Spring Integration provides an out-of-the box implementation for CorrelationStrategy, the HeaderAttributeCorrelationStrategy. This implementation returns the value of one of the message headers (whose name is specified by a constructor argument) as the correlation key. By default, the correlation strategy is a HeaderAttributeCorrelationStrategy returning the value of the CORRELATION_ID header attribute.

11.4 Configuring an Aggregator with XML

Spring Integration supports the configuration of an aggregator via XML through the <aggregator/> element. Below you can see an example of an aggregator with all optional parameters defined.

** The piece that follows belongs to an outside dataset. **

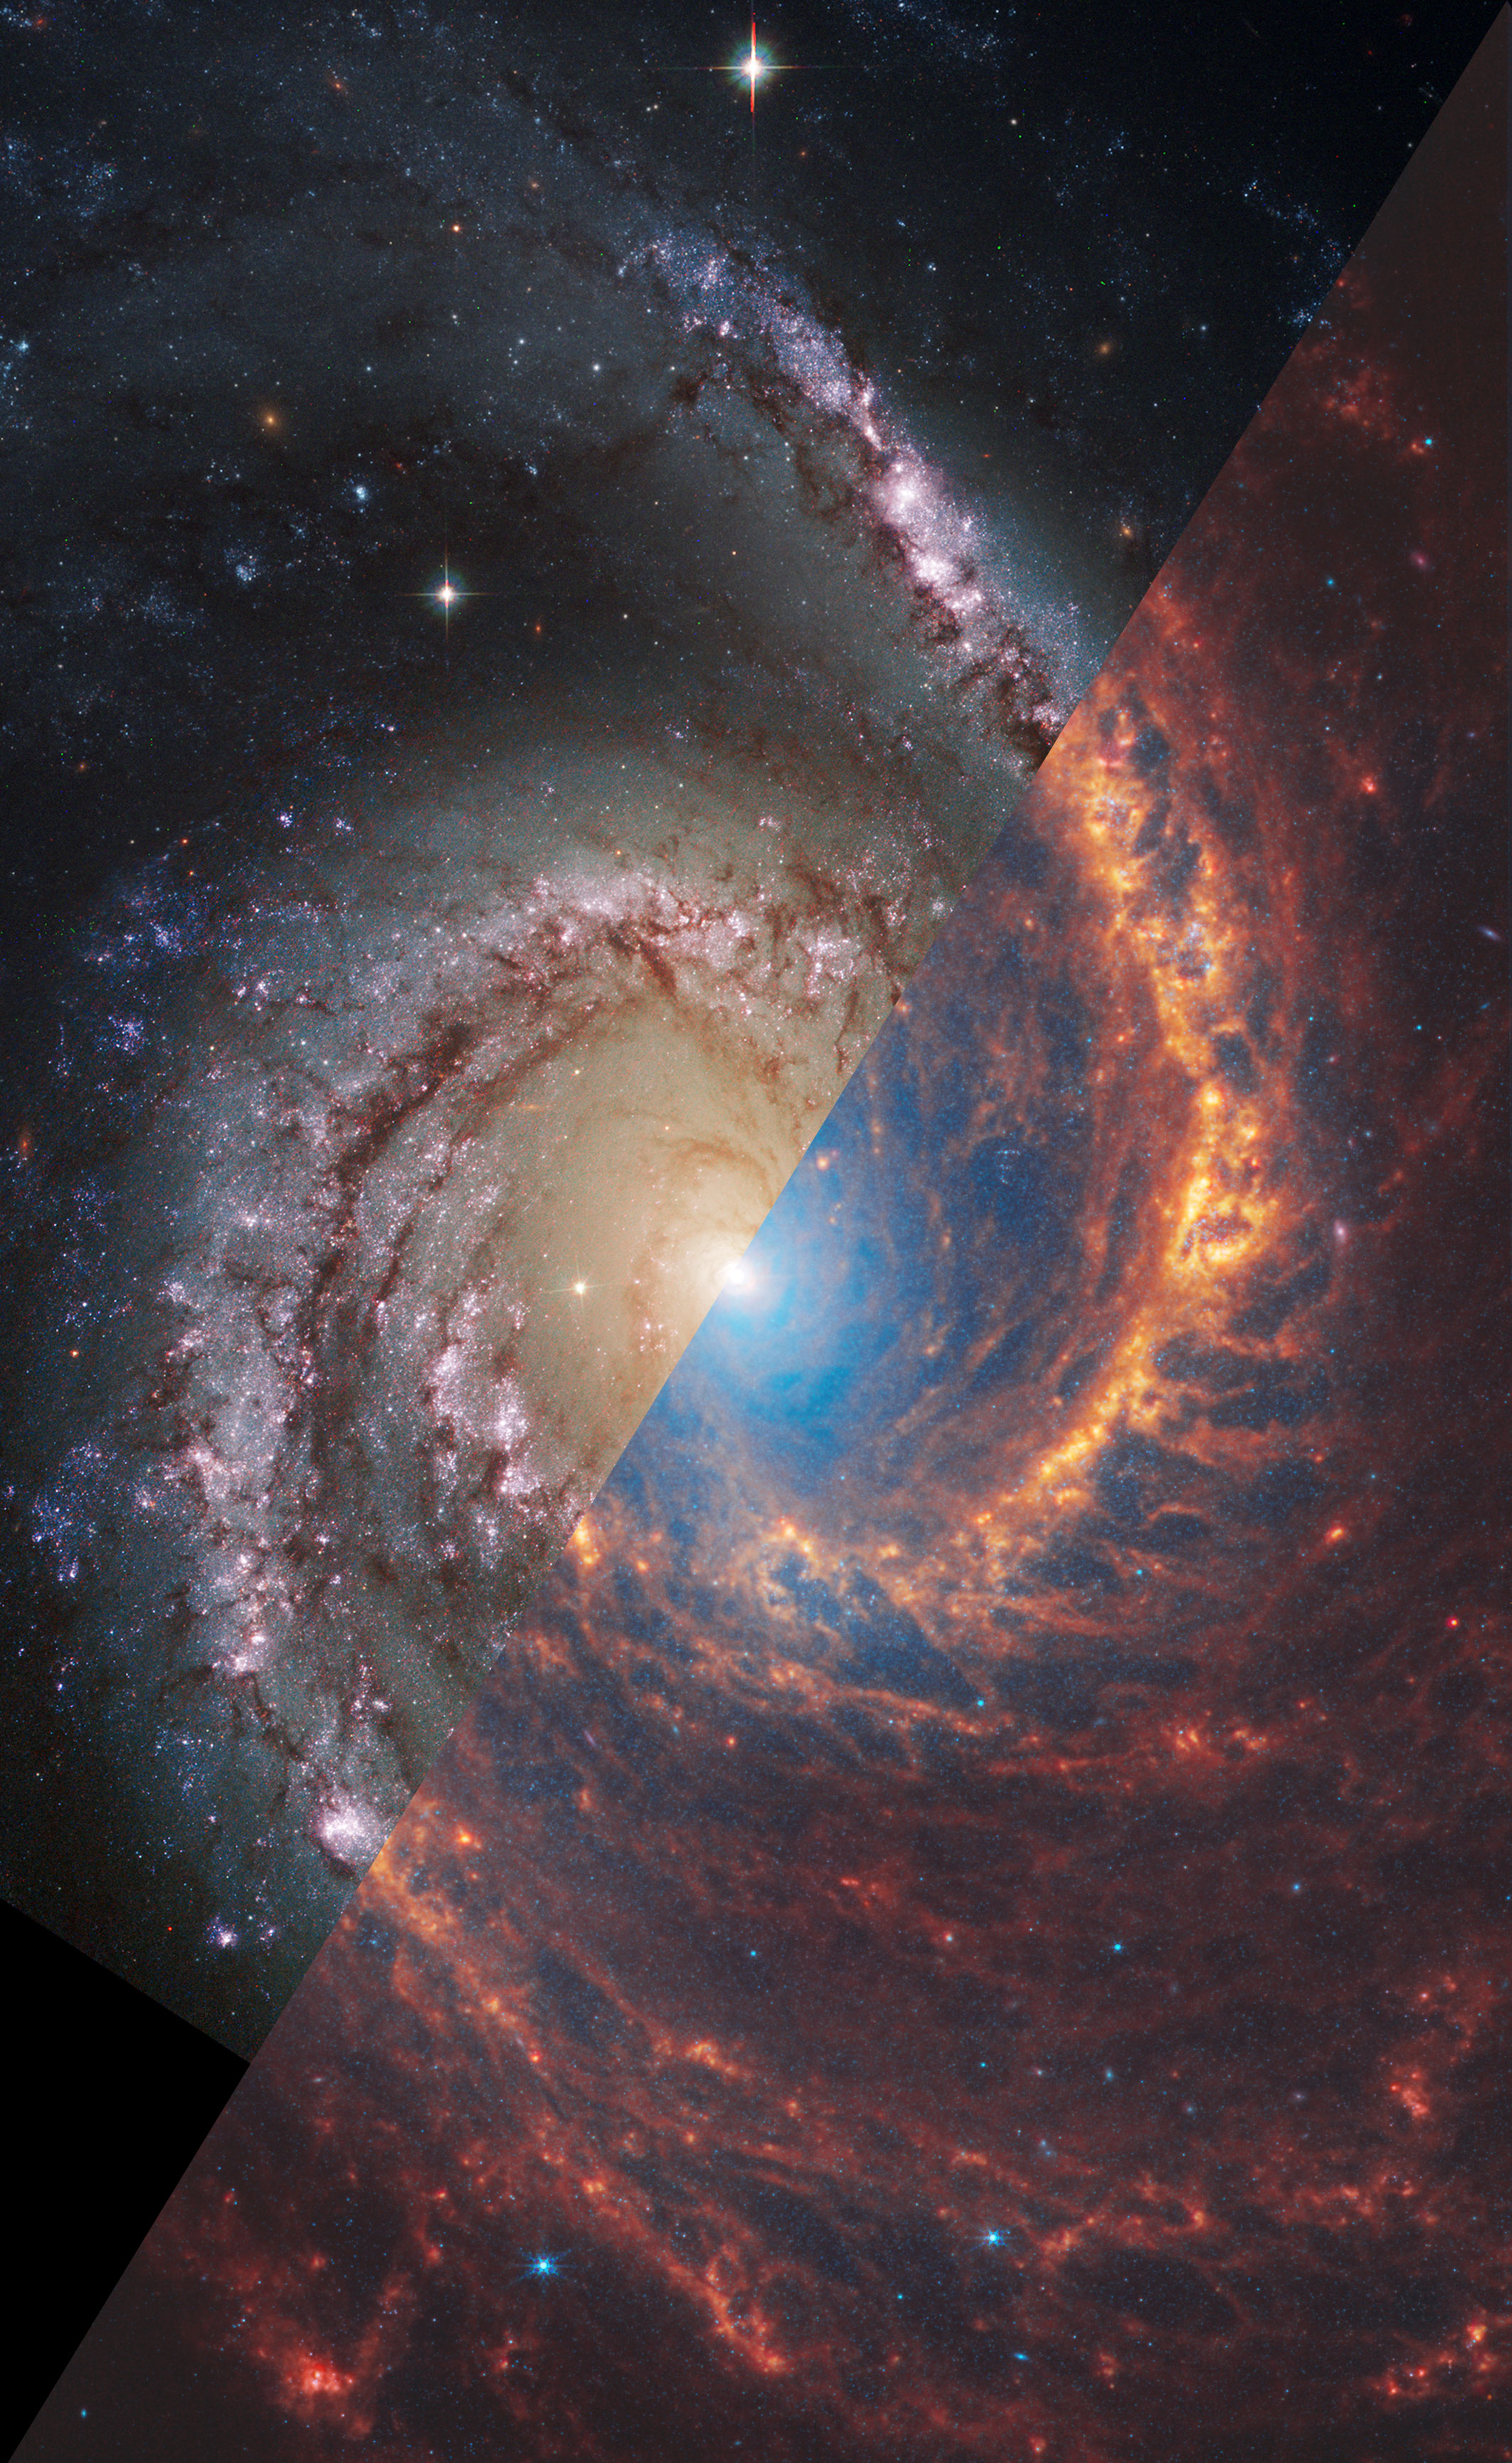   NGC 1566   ""  " "

<channel id="inputChannel"/>

<aggregator id="completelyDefinedAggregator" 
    input-channel="inputChannel" 
    output-channel="outputChannel"  
    discard-channel="discardChannel"  
    ref="aggregatorBean" 
    method="add" 
    release-strategy="releaseStrategyBean"  
    release-strategy-method="canRelease" 
    correlation-strategy="correlationStrategyBean" 
    correlation-strategy-method="groupNumbersByLastDigit" 
    message-store="messageStore" 
    send-partial-result-on-expiry="true" 
    send-timeout="86420000"  /> 

<channel id="outputChannel"/>

<bean id="aggregatorBean" class="sample.PojoAggregator"/>

<bean id="releaseStrategyBean" class="sample.PojoReleaseStrategy"/>

<bean id="correlationStrategyBean" class="sample.PojoCorrelationStrategy"/>

	The id of the aggregator is optional.
	The input channel of the aggregator. Required.
	The channel where the aggregator will send the aggregation results. Optional (because incoming messages can specify a reply channel themselves).
	The channel where the aggregator will send the messages that timed out (if `send-partial-results-on-timeout` is false). Optional.
	A reference to a bean defined in the application context. The bean must implement the aggregation logic as described above. Required.
	A method defined on the bean referenced by `ref`, that implements the message aggregation algorithm. Optional, with restrictions (see above).
	A reference to a bean that implements the decision algorithm as to whether a given message group is complete. The bean can be an implementation of the CompletionStrategy interface or a POJO. In the latter case the completion-strategy-method attribute must be defined as well. Optional (by default, the aggregator will use sequence size) .
	A method defined on the bean referenced by `release-strategy`, that implements the completion decision algorithm. Optional, with restrictions (requires `completion-strategy` to be present).
	A reference to a bean that implements the correlation strategy. The bean can be an implementation of the CorrelationStrategy interface or a POJO. In the latter case the correlation-strategy-method attribute must be defined as well. Optional (by default, the aggregator will use the correlation id header attribute) .
	A method defined on the bean referenced by `correlation-strategy`, that implements the correlation key algorithm. Optional, with restrictions (requires `correlation-strategy` to be present).
	A reference to a `MessageGroupStore` that can be used to store groups of messages under their correlation key until they are complete. Optional with default a volatile in-memory store.
	Whether upon the expiration of the message group, the aggregator will try to aggregate the messages that have already arrived. Optional (false by default).
	The timeout for sending the aggregated messages to the output or reply channel. Optional.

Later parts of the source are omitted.